SST’s fishing line bins reach East London

Collaborating with Kwelera Nature Reserve, Cosy Corner Eco Estate, and the South African National Biodiversity Institute (SANBI) between December last year and the start of 2024, SST installed seven new fishing line bins along the East London coastline.

Encouraging fishermen to use the bins to discard their unwanted fishing lines has proven to be highly effective in stopping this type of plastic waste from polluting our oceans. Littered fishing lines also have devastating effects on marine life, with many coastal birds, crabs, sea turtles, fish and marine mammals injured or killed daily because they get entangled in discarded lines and the hooks attached to them.

Since their launch by Dyer Island Conservation Trust in 2010, and with subsequent support from conservation agencies, non-profit organisations and citizens, currently there are close to 200 bins along South Africa’s coast.

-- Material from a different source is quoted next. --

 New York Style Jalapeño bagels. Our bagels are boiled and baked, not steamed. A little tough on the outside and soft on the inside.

Offcuts of PVC piping are used to create these uniquely shaped receptacles that have U-Bend inlets to help prevent the lines from being blown away. They are resistant to the elements and corrosion, which makes them ideal for long-term use on beaches.

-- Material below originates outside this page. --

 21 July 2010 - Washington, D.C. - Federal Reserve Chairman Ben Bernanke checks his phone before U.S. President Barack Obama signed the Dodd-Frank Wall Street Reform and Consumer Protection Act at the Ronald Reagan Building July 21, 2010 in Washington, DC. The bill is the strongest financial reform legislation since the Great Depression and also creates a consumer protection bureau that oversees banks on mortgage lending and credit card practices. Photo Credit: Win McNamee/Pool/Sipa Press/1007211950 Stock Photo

SST is responsible for processing all the fishing line litter collected, as well as the maintenance of the eight bins around Nelson Mandela Bay. While we will process the litter from the new bins on the East London coastline, their upkeep and emptying will be handled by Kwelera Nature Reserve and Cosy Corner Eco Estate.

Because these bins are inexpensive and easy to make, we would like to take the opportunity to encourage fishermen and citizen scientists to consider installing them in their areas and especially at popular fishing spots.